Остаюсь ваша читательница Андомина М. П.с. Онега, 24 апреля 2013 год.Благословясь, принимаюсь за дело, вверенное мне дедом моим Ферапонтом Несторовичем, человеком твердой веры и большого ума, поручившим мне, недостойному, записать, насколько позволит грамота моя, его сказывания и свои присловия тоже.
Не стану темнить и откроюсь с первого разу: грамотой не обременен, потому как в приходской школе при церкви было три класса, ну, лучше три группы: младшая, средняя и старшая. Я в младшую отходил, счет познал, письмо, чтение в голос, а в среднюю не пошел, потому что дед Ферапонт Несторович, ему уж за сто лет было, он с родных вологодских земель малым отроком привезен, так вот он меня в завозню заманил и на полном сурьезе пригрозил:
– Не ходи в школу, Матвейка, там ребятишек станут кастрировать.
Я из-за угла подсматривал, когда приходил к нам коновал, и отец с дядьями выводили на растяжных вожжах жеребца, валили на пласт соломы и скручивали веревками. Коновал вынимал блескучий ножик, и я уже не глядел. Жеребца после того звали уже мерином, он долго тосковал в своем стойле, по неделе не ел и не пил, дед Ферапонт вздыхал и тоже с тоской сочувствовал:
– Лишили Карева единственной животной радости. Для какого рожна ему теперича жить? В кобыле не нуждатся, жеребяток не будет облизывать да мордой поправлять, ежели что не так. Мы теперь с ним в одной поре.
Я интересовался, как это, дед хмыкал в густую бороду и пробасил:
– Рано тебе знать, обожди, зачем не видишь, глазом не моргнешь – станешь, как Карько.
Помня, как жалобно кричал конь, я не хотел очутиться на его месте, и от школы отказался. Отец не неволил, тем и кончилось.
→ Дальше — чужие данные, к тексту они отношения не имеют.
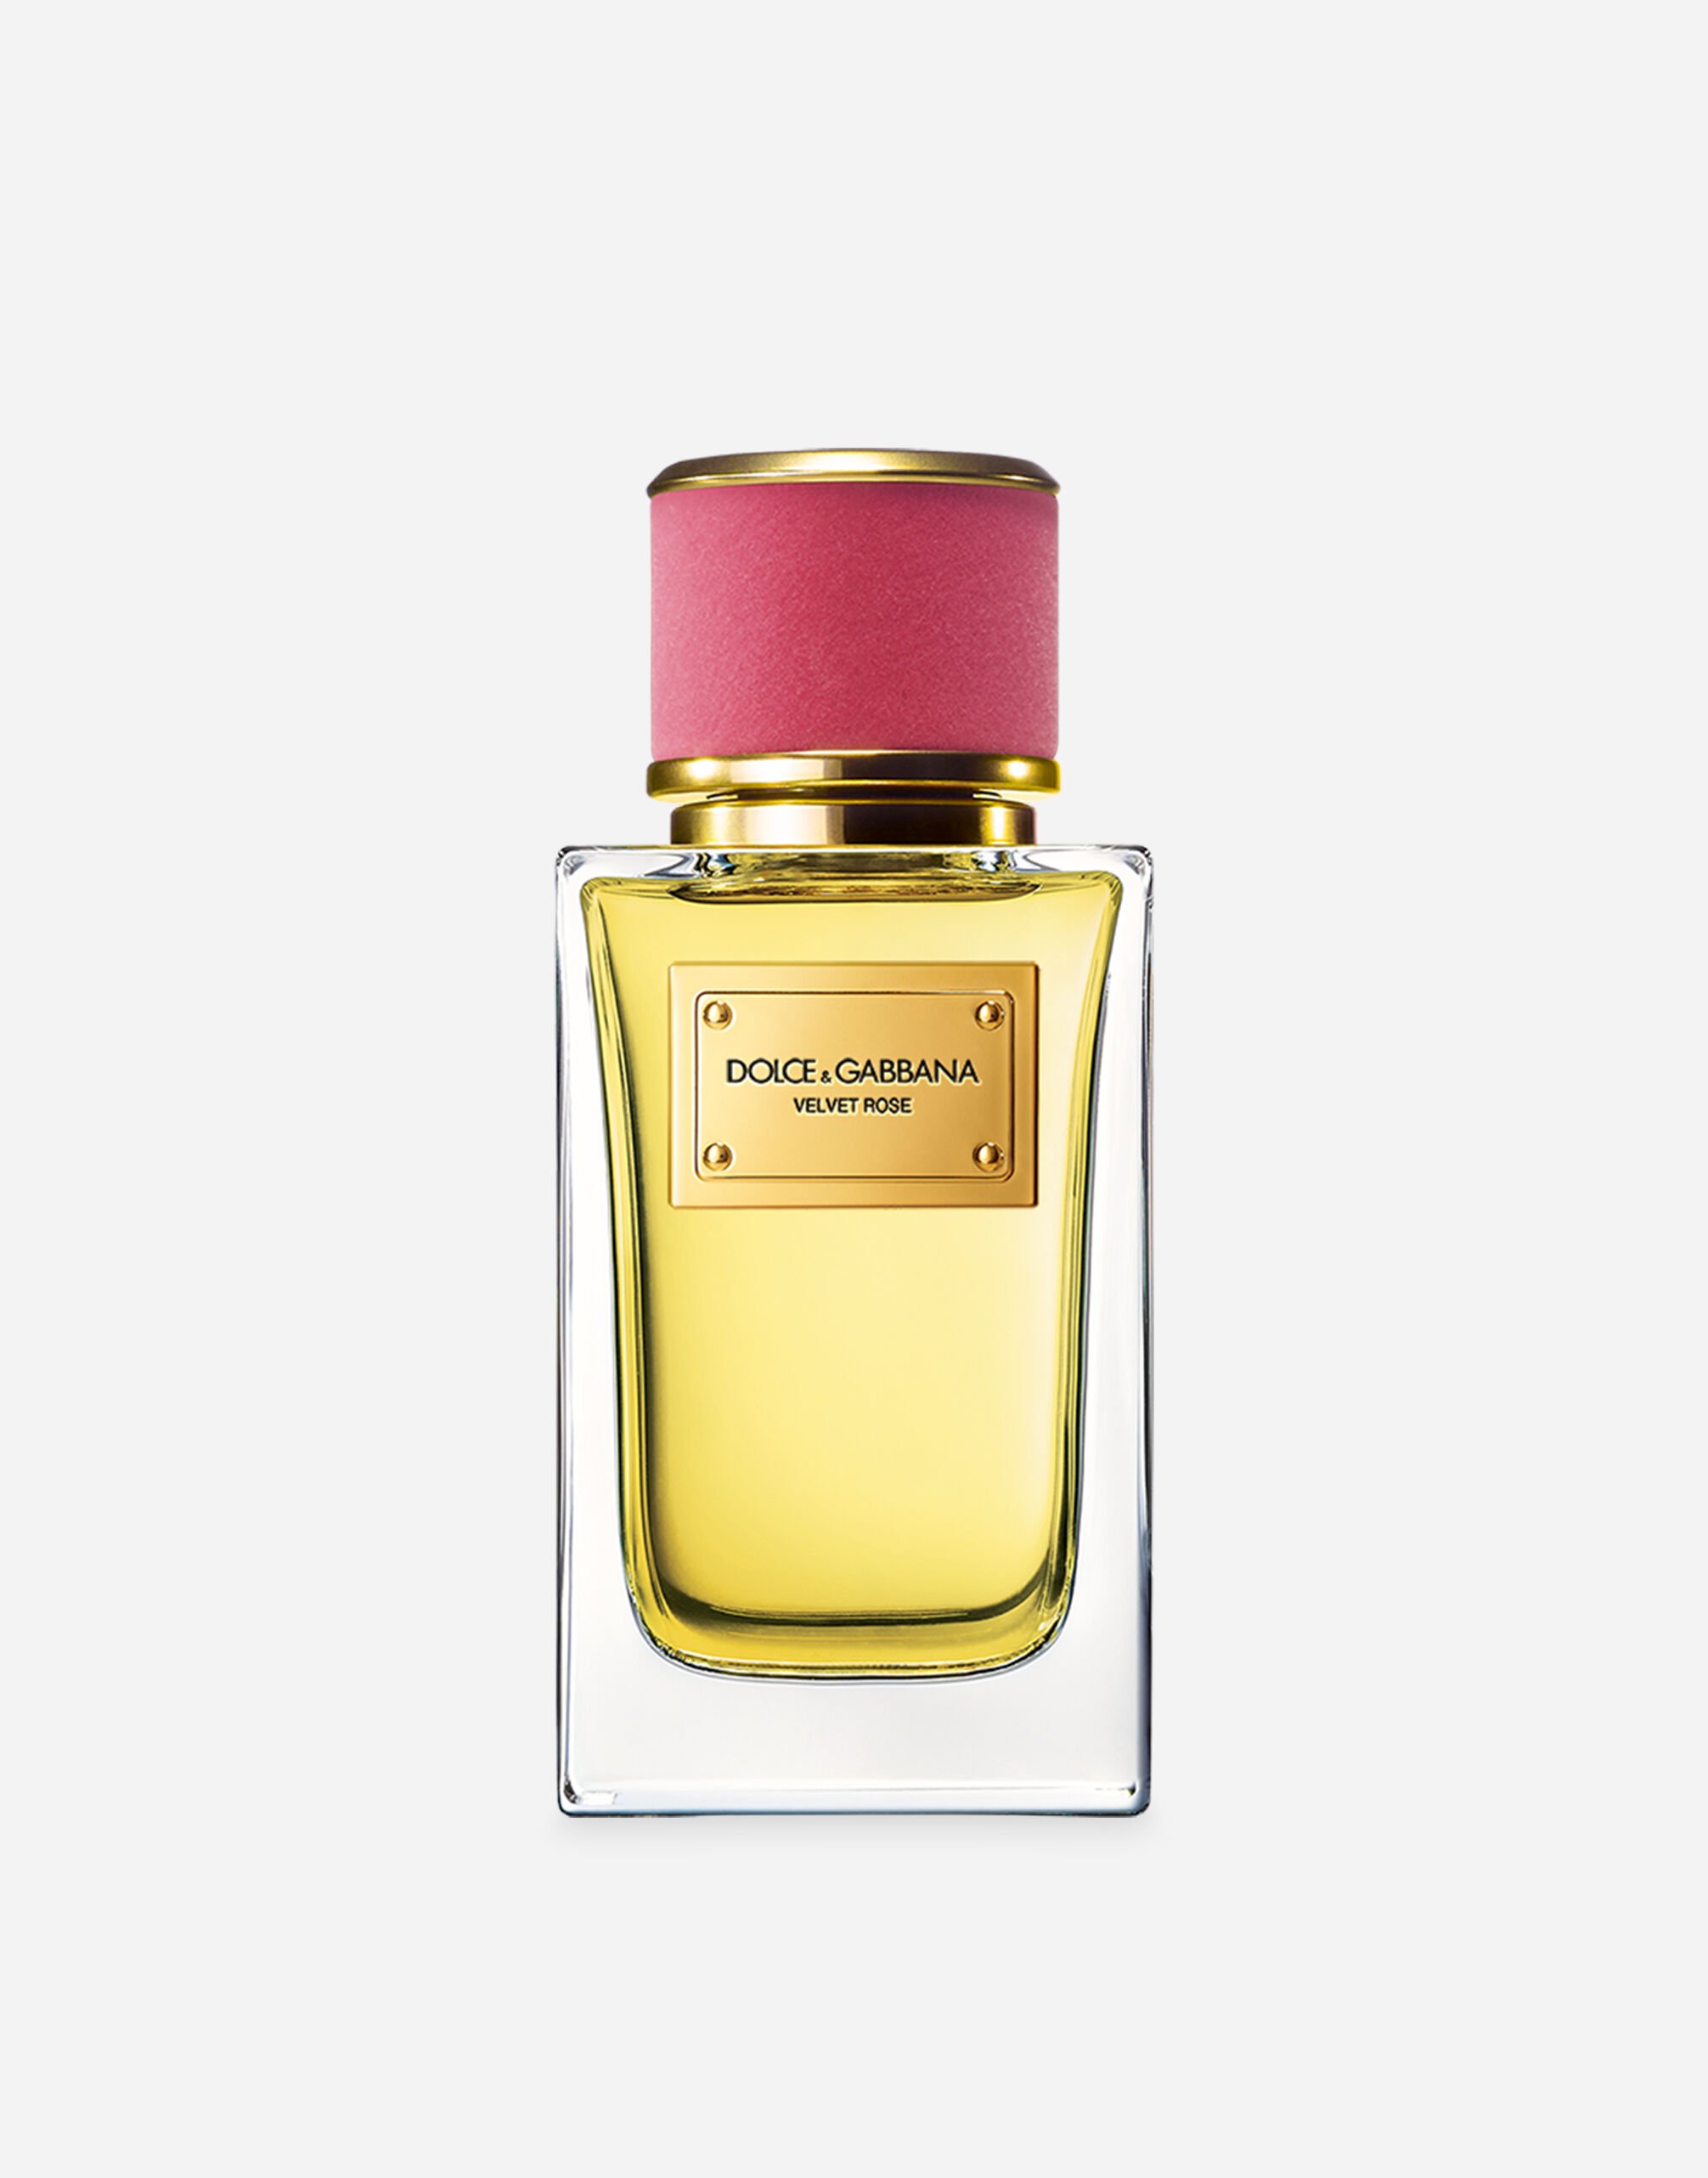 Dolce & Gabbana Velvet Rose Eau de Parfum - VP003BVP000

Теперь я и сам к Ферапонтовым годам подхожу, пожил, повоевал, потерпел немало. И вот единожды лежу в своей избушке, сын мне изладил, чтобы никто не мешал, ночь светлая, у меня оконце под ситцевой занавеской, месяц пялится заглянуть. Лежу и думаю: «Вот придет смерть, заберет и меня и память мою, и все, что я знаю со времен переселения, потому что дед Ферапонт изо всех внуков и правнуков меня отличал, рассказывал и приговаривал:
– Ты, Матюша, запоминай мои речи, другой тебе такого не откроет. А как накатит на тебя все это прошлое, ты и запишешь для потомства. Тезка твой Матвей с Господом бродил по Галилеям и Палестинам, а когда Христа распнули, Матвей написал, все что видел и слышал, за то Господь его призрел и отблагодарил. Книга эта, Библия зовется, у меня на божничке лежит, как умру, ты ее наследуй и изучи».
Как у десятилетнего парнишки завелась эта манера записывать в большой книжке с линейками, дед сказал, что это амбарная книга бывших торговых людей, записывать его сказывания – не дано мне знать, а вот писал, прятал от старших, потом и все другие события нашего села стал вносить кратко. Все ждал, когда же придет время это все изложить в приличной манере и на достойных листах. Да, годов семьдесят прошло, сыны дома поставили рядком, дочери в достойные семьи вышли, внуки и правнуки – все прошло. Жену свою Дарьюшку схоронил, сам сколотил домовину, сам место изобрал на могилках в ногах у деда Ферапонта, тут же и себе обозначил, благо что слободного места дивно еще. Когда сорок дней кончились, и душа Дарьюшки моей обрела покой, взялся я за тетрадки свои, просмотрел все и решил, что достойно. Должны все мои последыши знать, как развивалось на сибирской земле семя Андомино. Писано мною подряд, как дедушка Ферапонт диктовал, новой раз так завлекет писанье, что не вдруг угадашь, что не мои это речи, а дедушки, только вранья все едино нету и быть не могет, потому как правда.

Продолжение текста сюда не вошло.